# 300 Liquid deicing system- Trade for salt spreader



## group969 (Oct 5, 2014)

looking to trade 300 gallon deicing system for a salt spreader. open to cash offers as well.Has a 8 foot hitch mounted spray boom. Honda engine. Hose reel. 300 gallon poly tank on aluminum frame. measure 49 inches wide x 89 inches long.


----------



## FredG (Oct 15, 2012)

group969 said:


> looking to trade 300 gallon deicing system for a salt spreader. open to cash offers as well.Has a 8 foot hitch mounted spray boom. Honda engine. Hose reel. 300 gallon poly tank on aluminum frame. measure 49 inches wide x 89 inches long.
> View attachment 175528
> View attachment 175529
> 
> ...


Great pictures! FWIW BO don't go to well with the members, I suggest you figure a price with BO, unless you want offers for a case of boones Farm, a bag of corn nuts and a pack of smokes lol.

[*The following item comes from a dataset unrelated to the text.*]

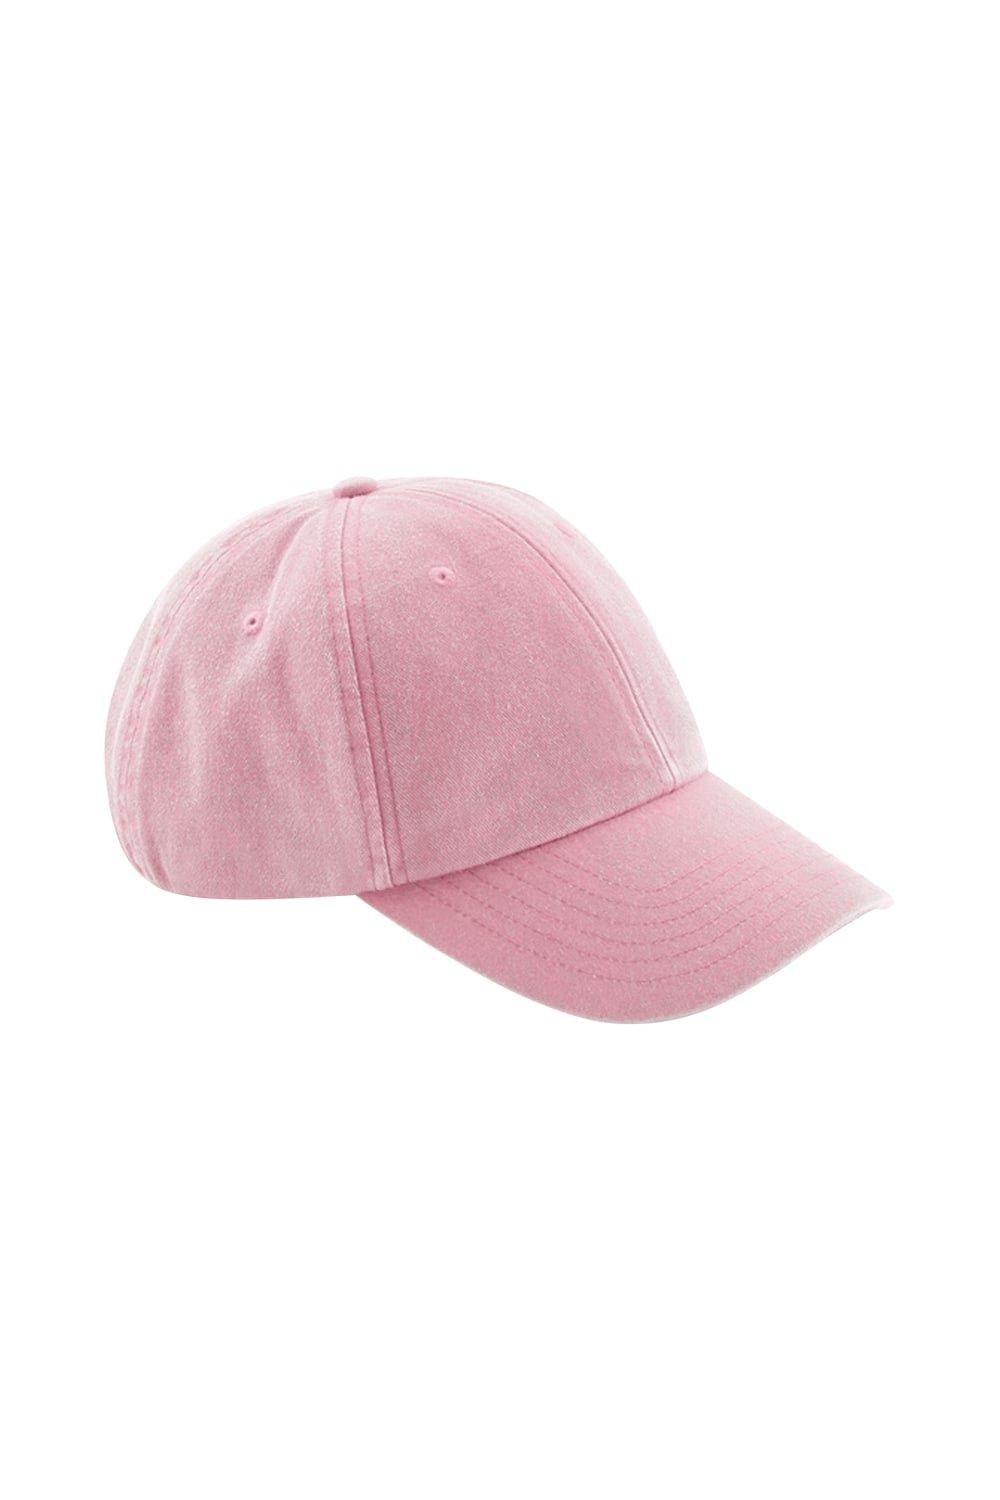 Винтажная низкопрофильная кепка Beechfield, розовый

Good Luck


----------



## rgrimes945 (Oct 22, 2006)

FredG said:


> Great pictures! FWIW BO don't go to well with the members, I suggest you figure a price with BO, unless you want offers for a case of boones Farm, a bag of corn nuts and a pack of smokes lol. Good Luck


I have a v box henderson Stainless to trade.


----------